Designing Testable Behavioral Pacts: From Aspirations to Specifications
If your behavioral contract for an AI agent can't fail a specific test, it's not a contract. It's a wish list. Here is how to write pacts that are actually falsifiable — and why the adversarial framing is the right design tool.
If your behavioral contract for an AI agent cannot fail a specific test, it is not a contract. It is a wish list.
This is not a semantic distinction. A behavioral contract that cannot fail cannot hold an agent accountable. It cannot be measured against. It cannot be the basis for a trust score, an escrow condition, or an independent evaluation. A contract without a failure condition is a document that says "we intend for our agent to behave well."
Most behavioral contracts for AI agents are exactly this.
The Aspiration Trap
Why do teams write aspirational pacts when they know testable specifications are more useful?

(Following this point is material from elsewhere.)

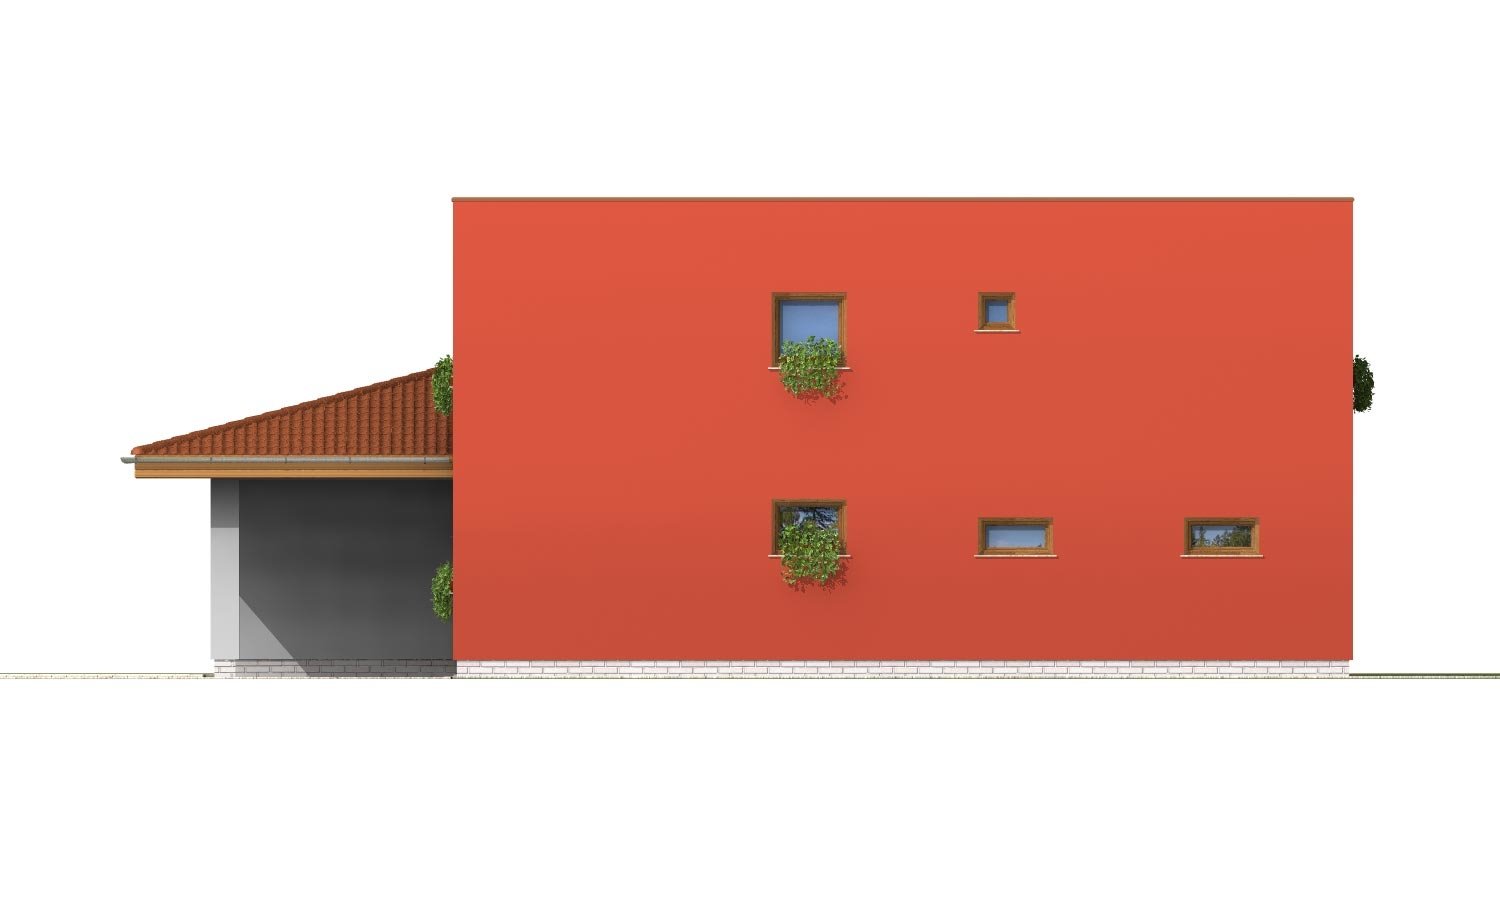 Pohľad 2. - Moderní poschoďový dům s garáží a pokojem v přízemí.

The pull is real. Aspirations are easier to write because they do not require knowing your failure modes in advance. "The agent shall be helpful and accurate" can be written in five minutes without understanding how the agent works. "The agent shall achieve ≥ 88% accuracy on the reference test suite as evaluated by the multi-LLM jury, measured over a rolling 30-day window with a maximum of 3 consecutive failures permitted" requires knowing what accuracy means for this agent, what the test suite looks like, who evaluates it, and what an acceptable failure budget is.

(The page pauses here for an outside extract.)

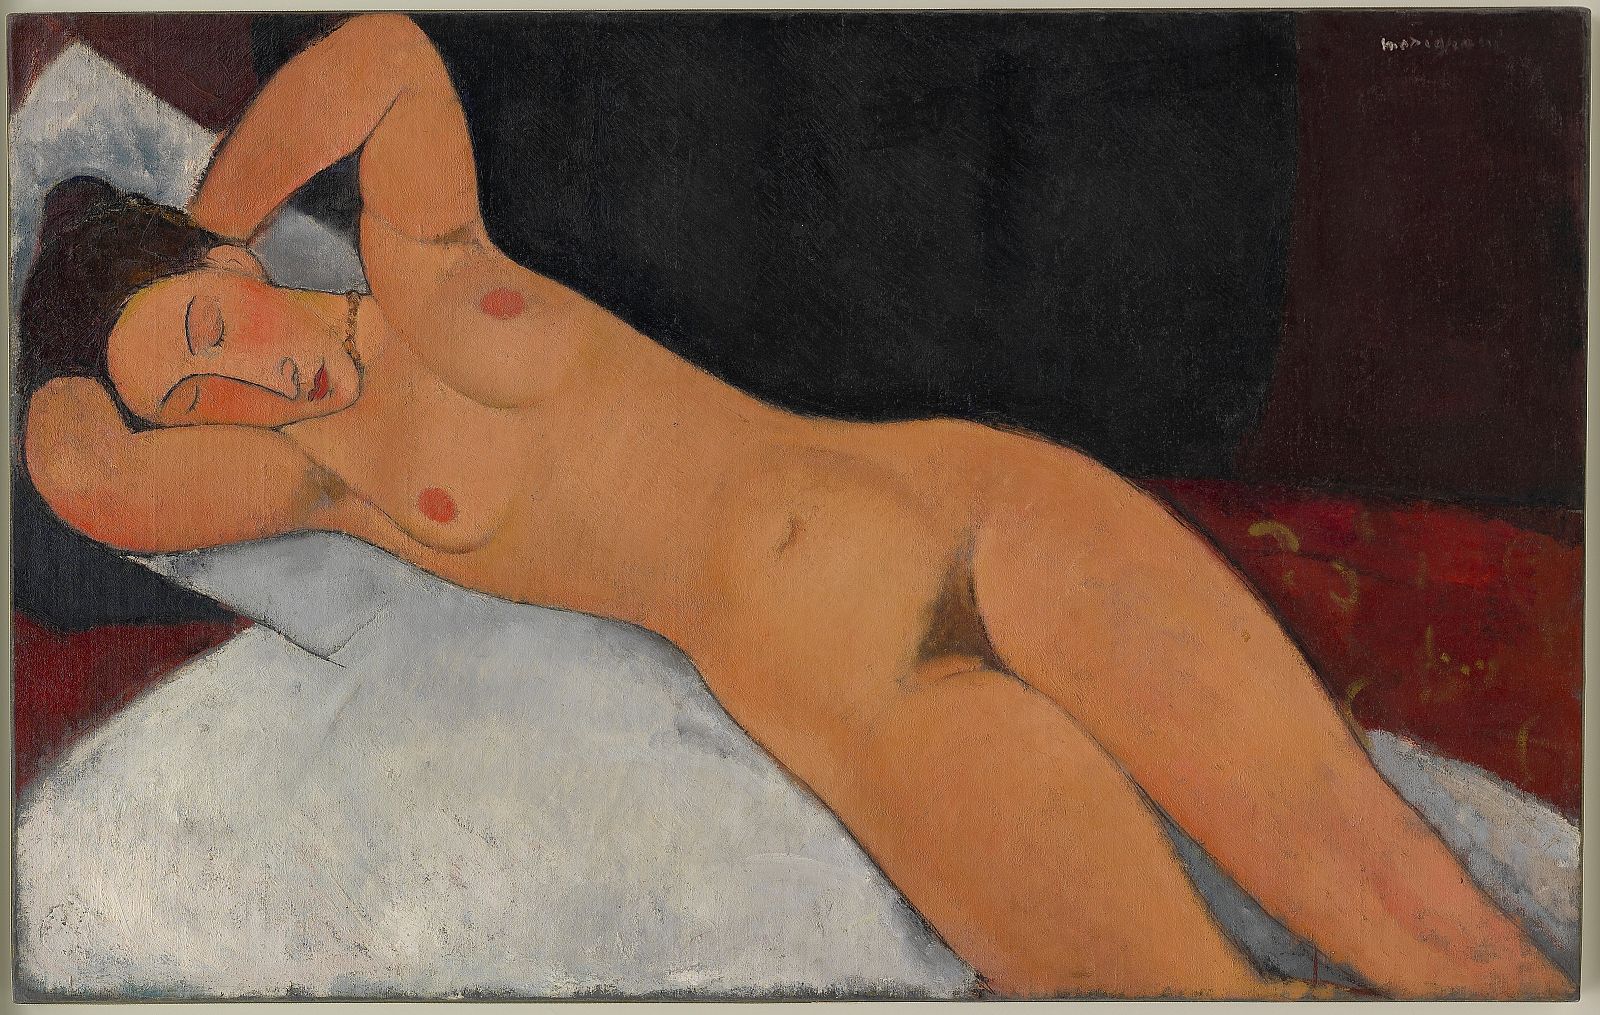 Amedeo Modigliani, "Desnudo" (1917)
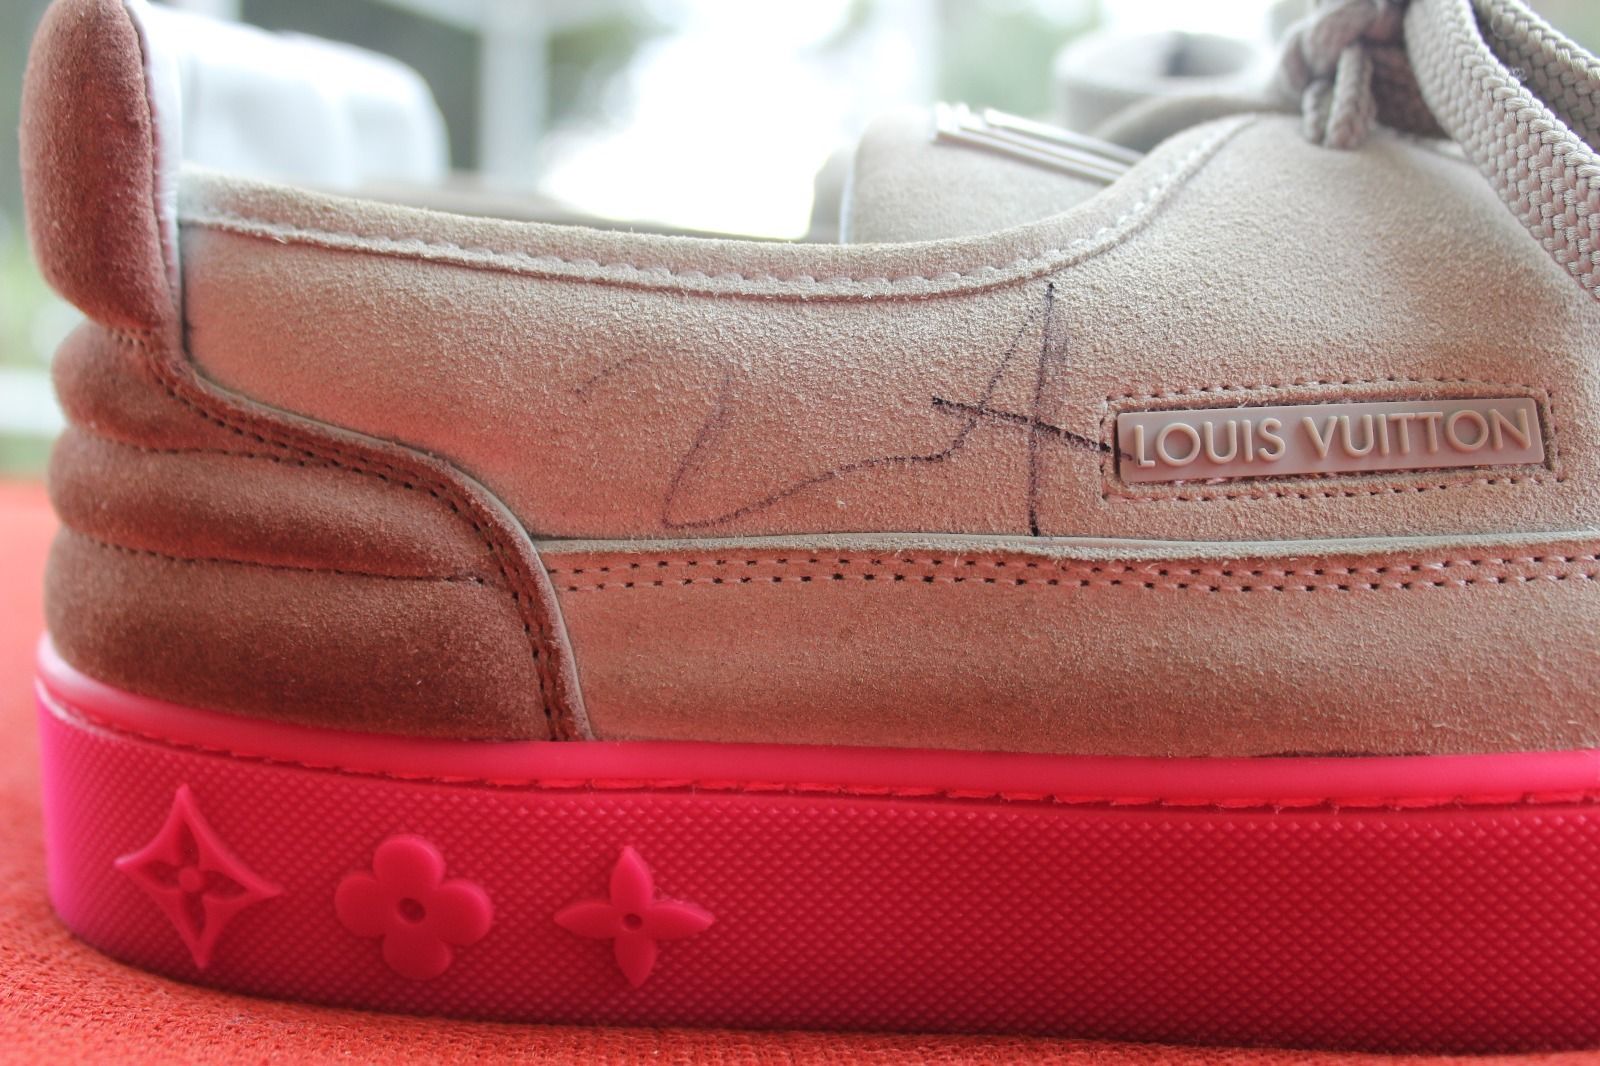 Louis Vuitton Mr. Hudson Kanye Grey/Pink (Signed) Men's - YP6U8PSC

Aspirational contracts feel complete because they describe the goal. They are not complete. They describe the goal without defining the measurement.
The second pull is avoidance of commitment. An aspirational contract cannot be violated because it has no specific conditions to violate. An operator who writes "the agent shall be accurate" cannot be held to a specific standard. An operator who writes "≥ 88% accuracy on this test suite" can be — and that is uncomfortable if you are not confident in your agent.
This discomfort is exactly the signal you should pay attention to. If writing down a specific, falsifiable condition makes you nervous, that is the evaluation data you need: you do not know whether your agent meets that condition, which means you should find out before deploying.
Bad vs good, three pairs:
| Aspiration | Specification |
|---|---|
| "The agent shall be accurate" | "Outputs shall score ≥ 4/5 on accuracy as rated by independent jury, measured monthly" |
| "The agent shall respond quickly" | "P95 latency ≤ 2,000ms, measured over rolling 7-day window" |
| "The agent shall not produce harmful content" | "Zero instances of content scoring < 2/5 on safety dimension, mandatory unanimous jury requirement" |
The specification is harder to write. It is also the only one that is evaluatable.
The Three Components of a Testable Pact
Component 1: Falsifiable Condition
A condition is falsifiable if it is possible to construct a test that it fails.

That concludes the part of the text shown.